The Delhi High Court has ruled that the property of a father who dies intestate devolves on his son in his individual capacity and not as the “Karta” of his own family.
“Therefore, so long as the father (deceased's son) is alive, the son (deceased's son's son) cannot claim any right in his father's property, since Section 8 of Hindu Succession Act excludes the concept of survivorship or birthright in the case of intestate succession,” Justice Purushaindra Kumar Kaurav said.
“A cause of action in favour of the son would arise only upon the father's death, intestate, when succession actually opens under Section 8 of HSA,” the Court added.
The dispute in the matter arose in relation to a partition suit over a property originally acquired by one Ram Lal Sethi, who had two sons. Both the sons had two sons each, who were party to the lis.
The partition suit was filed by Ram Lal Sethi's younger son's son, claiming that his late grandfather effected an oral partition amongst all his legal heirs, under which the suit property devolved upon his father, who was the defendant no.1 in the suit and his late uncle, whose sons were also defendants in the matter.

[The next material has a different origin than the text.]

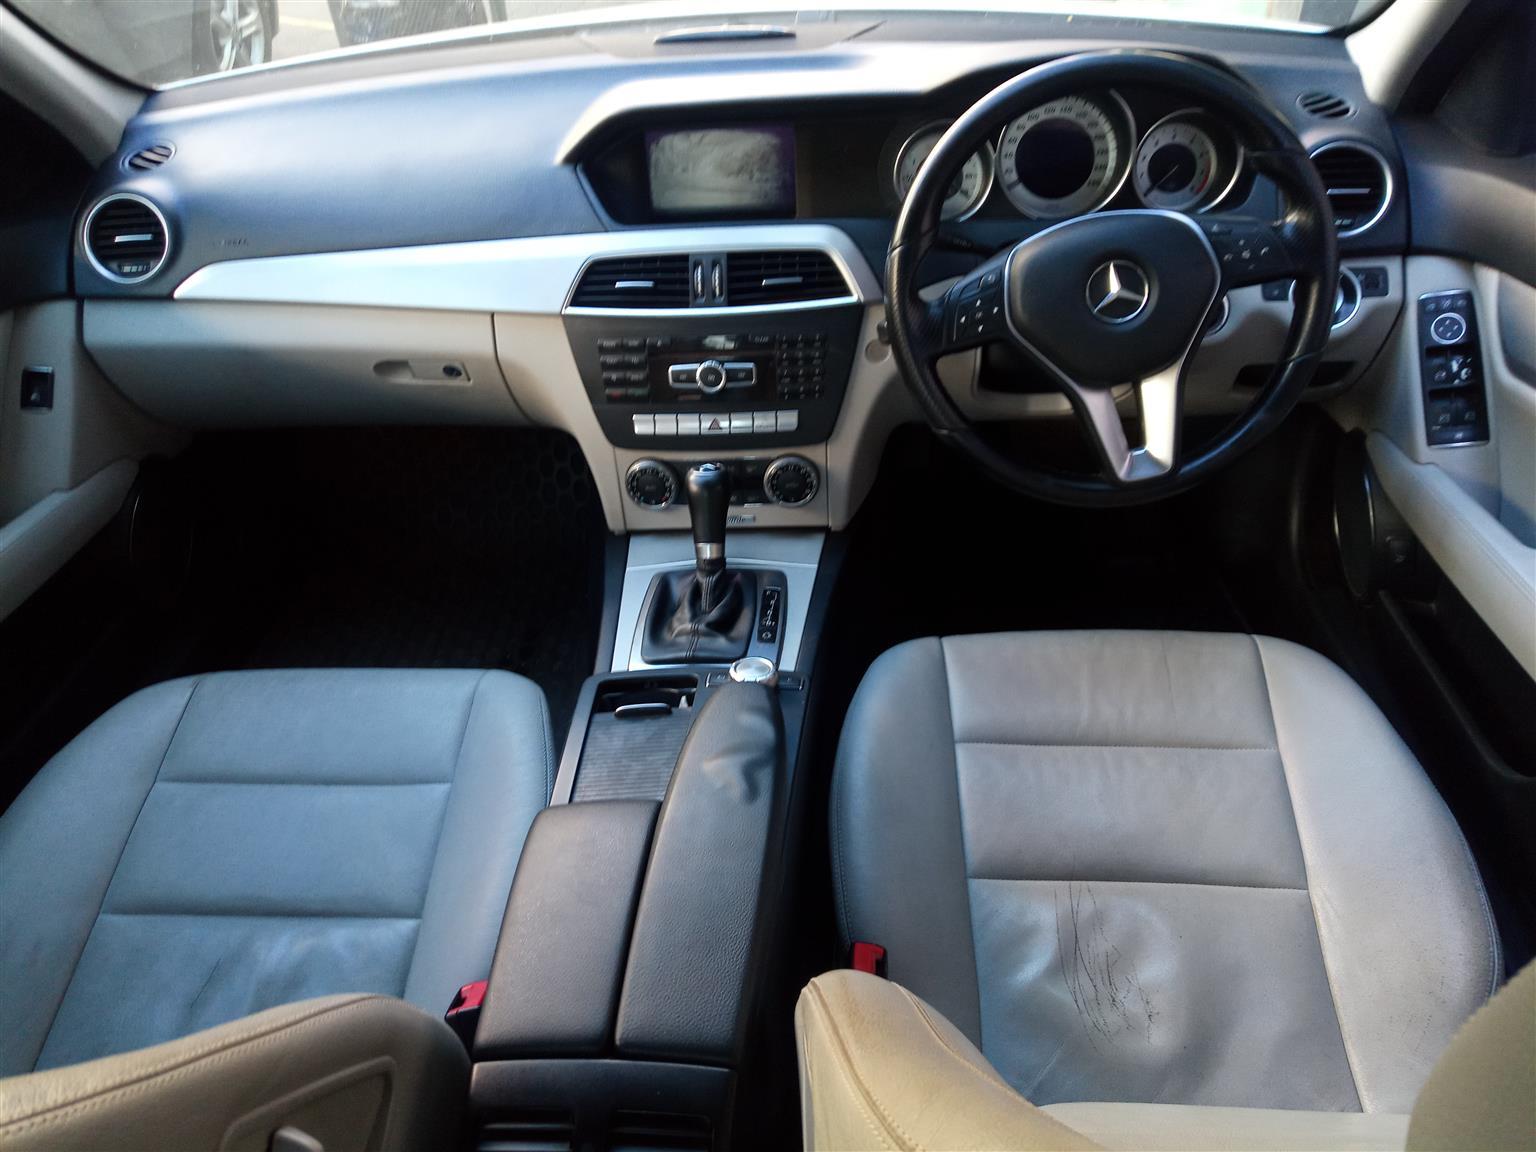 2012 Mercedes Benz C-Class C200 Edition C

The plaintiff son asserted that upon the demise of his grandfather, he became the absolute owner of his share in the suit property, being the grandson.

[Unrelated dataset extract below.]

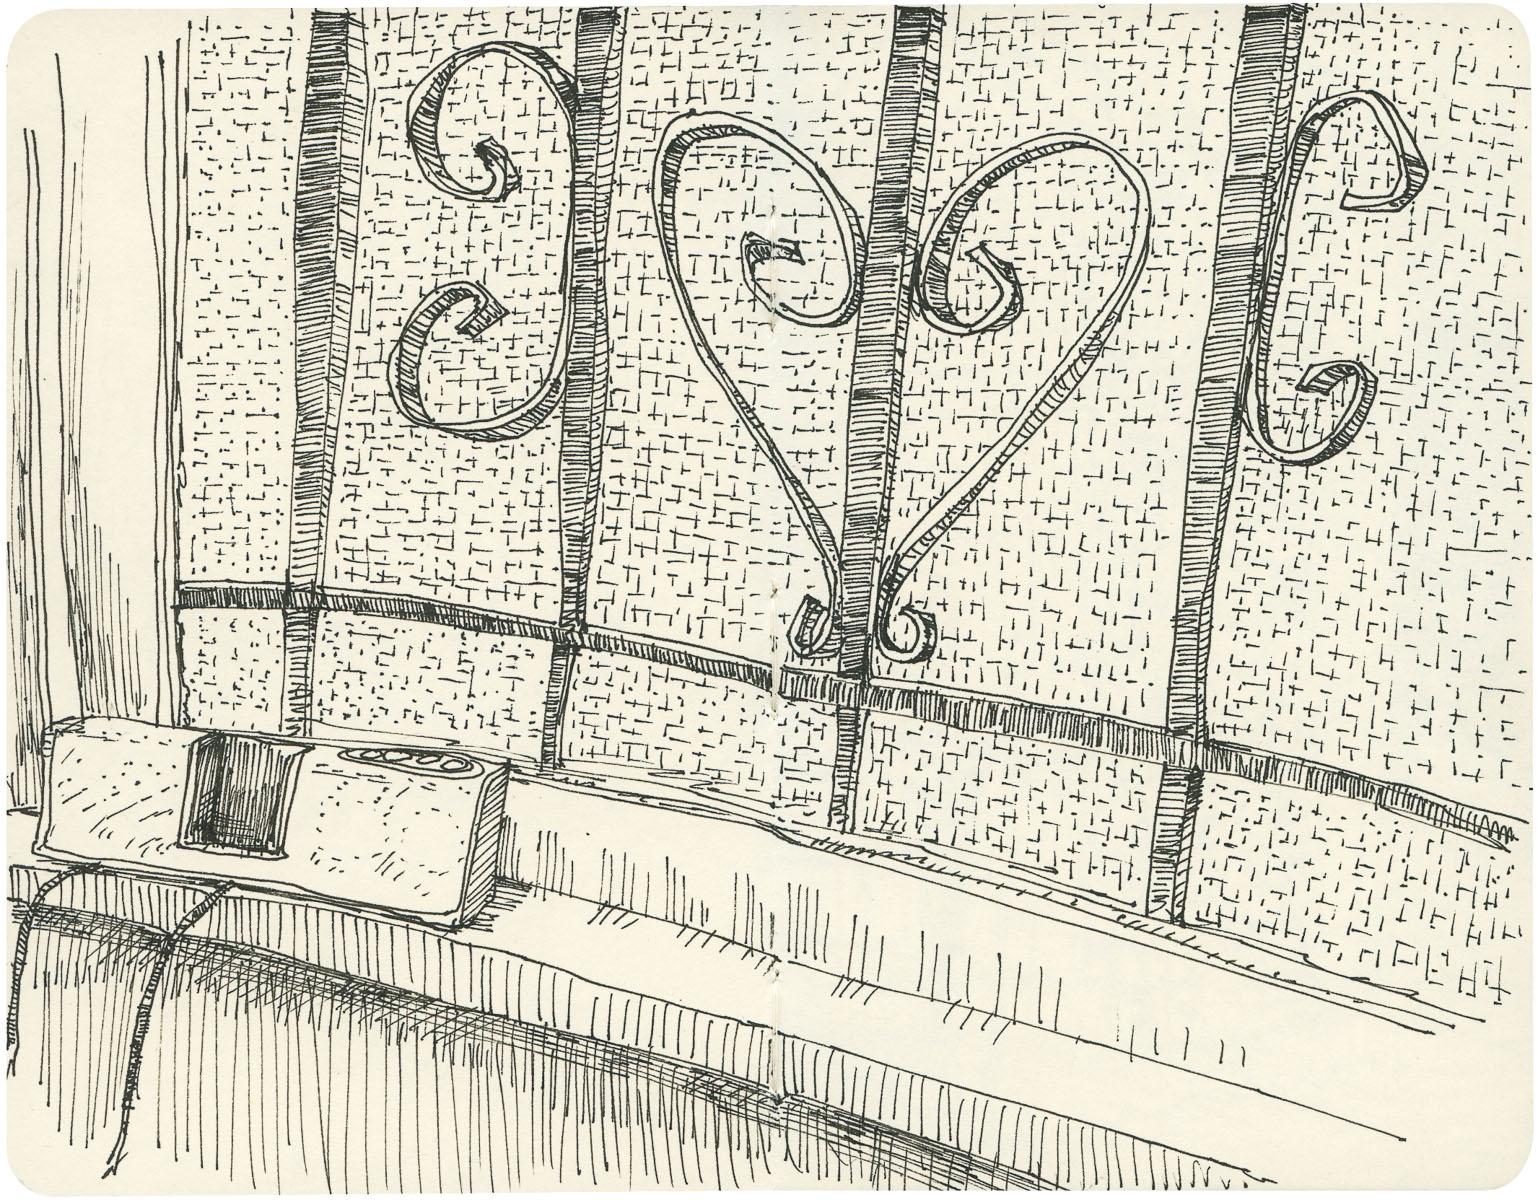 Sketchbook: Windowsill

It was also submitted that the property constituted a Joint Hindu Family property, and therefore, both him and the defendants held proportionate, undivided, and impartible ownership rights in the same.
Plaintiff's father as well as his real brother filed an application seeking rejection of the partition suit for being devoid of any cause of action and for failure to disclose the necessary facts.
The Court allowed the application and rejected the plaint of the partition suit, observing that no cause of action arose in the matter.
It said that the entire case of the plaintiff was premised on the assumption that the suit property was his ancestral property in which he had a vested right.
The Court noted that the basis of the premise was countered by the applicants by asserting that the partition had already taken place and the property fell in the hands of the plaintiff's father as his self-acquired property.
The judge said that after the amendment in the Hindu Succession Act, a drastic change happened in the law relating to intestate succession among Hindus in India.
The Court said that it is trite that under the traditional Hindu Law, a male Hindu by virtue of his birth is vested with a right in any property inherited by his father. However, it said that by reason of Section 8 of the Hindu Succession Act, the grandson gets excluded and the son alone inherits the property to the exclusion of his son.
“Therefore, by operation of provisions under Section 8 of HSA, the property of the father who dies intestate devolves on his son in his individual capacity and not as Karta of his own family,” the Court said.
Rejecting the suit, the Court noted that the plaint disclosed that the plaintiff's father was alive and had acquired the suit property by way of a partition that took place in 1986, which fell in his hands as his self-acquired property.
“Admittedly, the plaintiff does not fall in any of the categories of Class I heirs of Late Sh. Ram Lal Sethi as prescribed under Section 8 of HSA, and the inheritance rights through his father/defendant no.1 have not opened up as he is very much alive,” the Court said.
“There is no question of intestate succession at this stage. Therefore, the plaintiff has no existing, enforceable right to seek partition or claim ownership in respect of the suit property. The plaintiff's alleged 1/5th share is a mere assumption based on pre-1956 notions of coparcenary, which stand abrogated by Section 8 of the HSA,” it added.